I mean, I spent about 5 minutes reading the various inputs and trying to modify them, yet I am baffled as what to do to actually see, or even know what's going on, what the system is producing.
The https://heibox.uni-heidelberg.de URL required for the checkpoint file seems to be down or at least very flaky. I wonder how many Colab boxes are currently trying to download the 900 megabyte weight file...
Had fun with this yesterday, sadly today I'm getting "RuntimeError: unexpected EOF, expected 733 more bytes. The file might be corrupted." Hope it can be fixed, it was fun exploring what it knew about art and the world!
- Friendlier UI/UX: I used colab forms and IPython widgets to make it easy to use if you don't know how to program. For example, instead of having people fiddle with sampling vs pooling methods, you can just select "default" or "cumin" flavors.
- Simplified inputs: I stripped out a lot of the power from "artist-oriented" notebooks to make it less scary to first timers. You can still edit the code directly to get the same power, but all that's hidden away.
- "Download all images" and "create a video" buttons for funsies.

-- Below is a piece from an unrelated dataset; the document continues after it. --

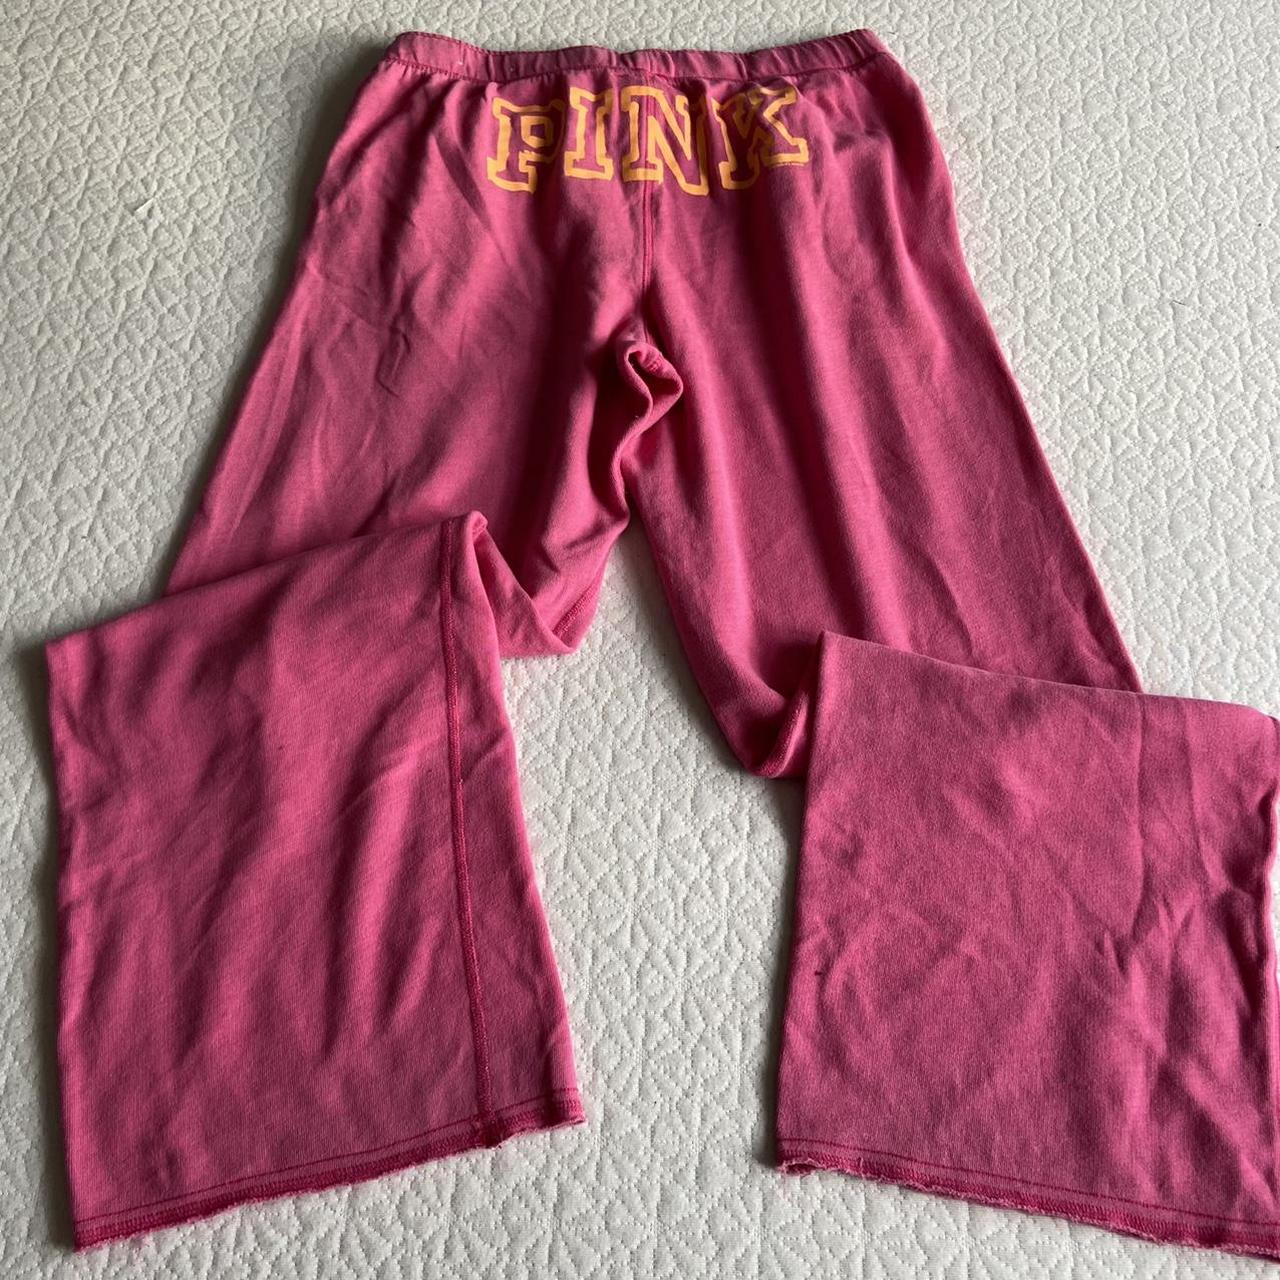 Early 2000s low rise PINK by Victoria's Secret sweat - Depop

People have also been posting commercial AI offerings, like https://news.ycombinator.com/item?id=28070149. The differences with this are:
- Totally free. This is running off Google's free Colab offering. You just need a Google account.
- No wait times. Colab gives a separate GPU to each user, so there's no queueing or anything.
- A bit more power: if Colab assigns you a large instance (most people are getting large instances, unless you use it for a very long time), you can make images up to 700x700.
- Codes all available if you want to clone it, make your own version, or download it to run locally.
I shared this on Twitter last week and lots of nonprogrammers are able to use it, which tells me that it works pretty well at its intended goals. So far this is my favorite thing anybody's made with it (video, sound): https://twitter.com/PuPunPa/status/1423428815846481924
Also happy to answer any questions people have about AI art in general. I only fell down the rabbit hole last month, and it's a deep rabbit hole, so I can't promise much, but I really like talking about this stuff and sharing what I've learned. Enjoy!